Встреча и разговор в винном подвале были как бы не в счет, недействительны: здесь, в мэрии, господин Фушон принимал гостей уже по-настоящему, как мэр, как представитель власти и как бы в первый раз, и поэтому он с неостывшей в нем взволнованностью повторил, что он необыкновенно рад приезду гостей и приветствует их от имени жителей деревни Монтемар. Это большое событие, крестьяне давно хотели видеть у себя мать партизана Леона, каждая семья надеялась принять ее в своем доме. Тут смущение, глубокая душевная расстроенность опять стали преобладающим выражением в лице господина Фушона; он сказал, что не может даже подобрать слов для своих чувств – это такая досада, такое обидное недоразумение, что произошла путаница со сроками и невозможно осуществить то, что задумано и готовилось: деревня пуста и будет пустой еще недели три, пока не уберут весь виноград. Целый год нелегкого труда, ожиданий и надежд вложен в урожай, крестьяне работают сейчас без отдыха, даже ночью – при свете фонарей и костров; на виноградниках у них построены легкие домики из фанеры и шифера, там весь нужный инвентарь, орудия, приспособления, прессы, чтобы прямо на месте разделывать виноград, давить из него сок. Виноград созревает по сортам, они подобраны так, чтобы этот процесс происходил без перерыва, сорта идут один за другим, их надо убирать точно в свое время, без промедления, иначе виноград теряет качества, вкус, свойства его становятся иными; торговцы умеют этим пользоваться и сразу же снижают закупочные цены. Если крестьян оторвать от работы – для каждой семьи это будет большим убытком…
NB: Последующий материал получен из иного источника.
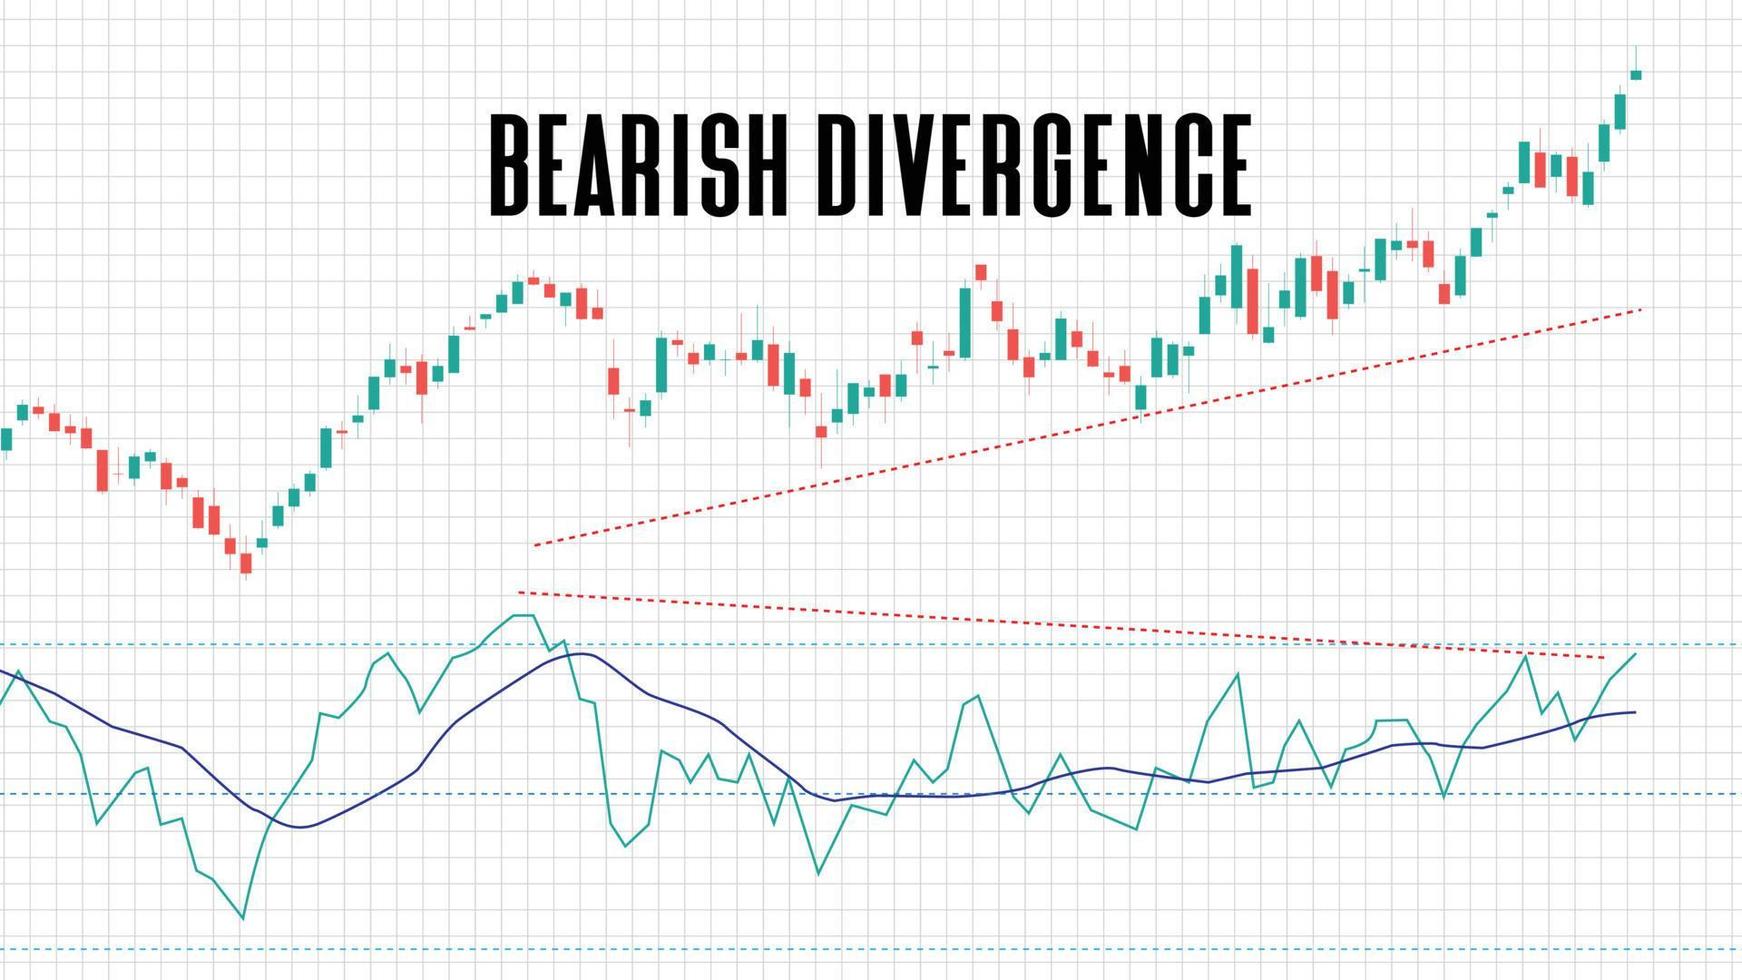 abstract background of bearish divergence stock market on white background vector

Господин Фушон заметил, что его речь получается продолжительной, а он не предложил женщинам сесть, и, покинув свое место, он поспешил к стульям возле длинного стола, – отодвинуть их для Прасковьи Антоновны и Тани. Прасковья Антоновна увидела близко его руки: крупные кисти, толстые ногти, шершавую кожу. Крестьянские натруженные руки. С ними как-то не связывалось, что господина Фушона надо называть господином, что он – мэр; слово это для уха Прасковьи Антоновны звучало совсем капиталистически, буржуазно. Мэр, по ее понятиям, даже в провинции, в деревне, должен был выглядеть совсем по-другому, в традиционных представлениях о мире капиталистов и буржуев, и ей показалось странным, каким-то как бы незаконным то сочетание, которое являл собою господин Фушон.

Усадив женщин, господин Фушон, указывая на стулья возле длинного стола, сказал, что это места депутатов; здесь – обвел он руками комнату, – происходят заседания местного муниципального совета, обсуждаются дела коммуны, депутаты выносят свои решения. У каждого депутата свой стул, и если кто-нибудь отсутствует на заседании совета по болезни или другим причинам, свободный стул не полагается занимать; бывает, что заседания посещают чиновники из префектуры департамента, – для них приносят и ставят другие стулья, а стулья отсутствующих депутатов все равно остаются незанятыми; такова традиция, неписаное правило, пока депутат жив и носит свое звание.